Here's a short and sweet review of the 14mm f2.8 Fuji lens for the X series cameras. It's sharp over most of the frame at f2.8. It's sharp every where by f4.0 and it's very, very sharp all across the frame at f5.6. I know the camera automatically corrects for vignetting but I don't see any artifacts in the corners due to correction so I'm super happy about that. The lens is deceptively small and light, focuses very quickly (at least in the good light I was given today) and is extremely sharp.

I'd asked a Fuji expert about which lens to buy given that I don't use wide angles nearly as much as various normal and telephoto lenses. I was deliberating between the Fuji 14mm and the 10-24mm. His advice for me was to go with the 14mm for its better "ultimate optical performance." His idea was that the 10-24mm isn't quite as good optically but is a better compromise for people who spend more time mining the wider end of the visual scale. I think he got his advice for me just right. This is a focal length I like to have in the bag for those times while on annual report projects when an art director turns to me after we've done a bushel of wonderful environmental portraits to ask, 'can you get some wide shots that show off: the whole factory, the exterior of the building, the length of the production line, the (cramped) labs and ..... can you make our facility look ...bigger? '

This is the lens that's in the rarely disturbed corner of the bag which bursts into stardom when you just can't back up any further with your next widest lens. The 10-24mm is wonderfully flexible when it comes to dishing out different angles of view but I'm a slow learner; not disposed to keeping good track of wide frames and it's more effective for me to learn the ins and out of one angle of view than to stand around and try to decide just how wide I should go. Give me one focal length and you've taken the guess work out of the equation...

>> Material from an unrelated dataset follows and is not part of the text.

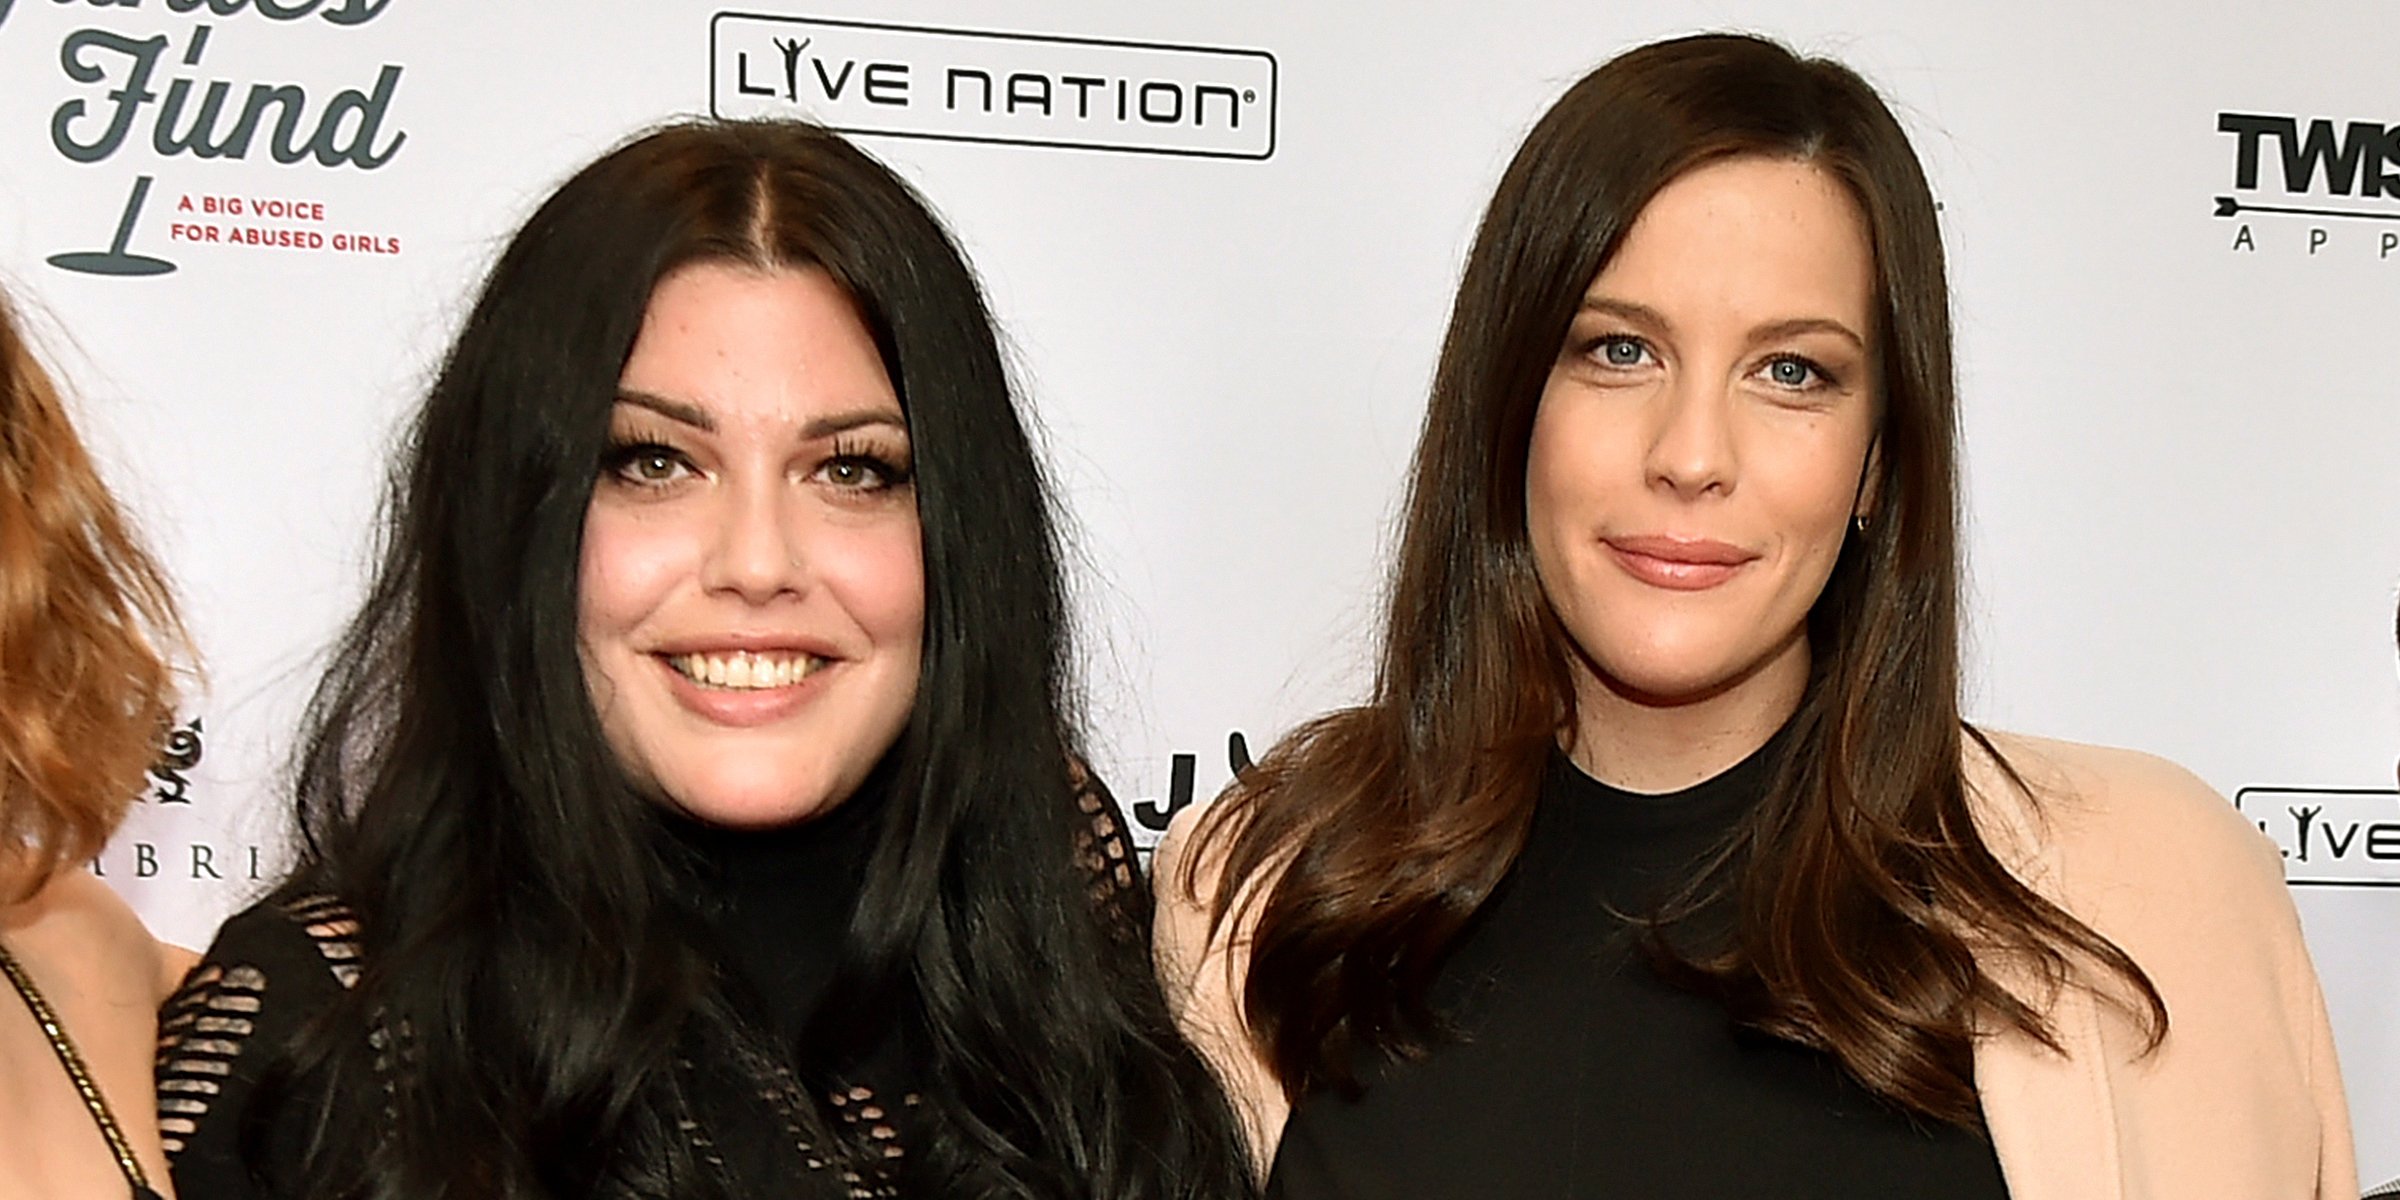 Liv Tyler and Mia Tyler | Source: Getty Images

I tried this one in black and white to eliminate potential color contamination of my
evaluation process. I used a yellow filter in Lightroom's B&W conversion. 

See. I'm hopeless most of the time with ultra wide lenses. All the buildings fall over...




Yes. It's true. I tried the Eterna profile on a still photo. I hope Fuji doesn't demand 
that I return the cameras citing misuse of their products.... I'd do the same with any other brand lens. 






So, my impression of the 14mm lens from Fuji is favorable. I'm glad I didn't go the cheap route and get a 7Artisans, or Rokinon 12mm but I could have bought a lot of coffee with the difference in price between those lenses and the Fuji... I guess that's the constant trade off. But I did see a sign the other day that said, "The sting of low quality lingers long after the memory of the money saved...." 

On another note: Still shopping for new cars. The Suburu Forester is still near the top of the list but now I'm also considering the 2019 Honda CRV, the Toyota Highlander and the Mercedes AMG GT C Coupe; it's a bit peppier.  The Mercedes seems like a good candidate for quickly getting on and off freeways plagued with short entry/exit ramps....haven't compared prices yet but they can be too expensive. Right? The only mark against the Mercedes is the lack of trunk space....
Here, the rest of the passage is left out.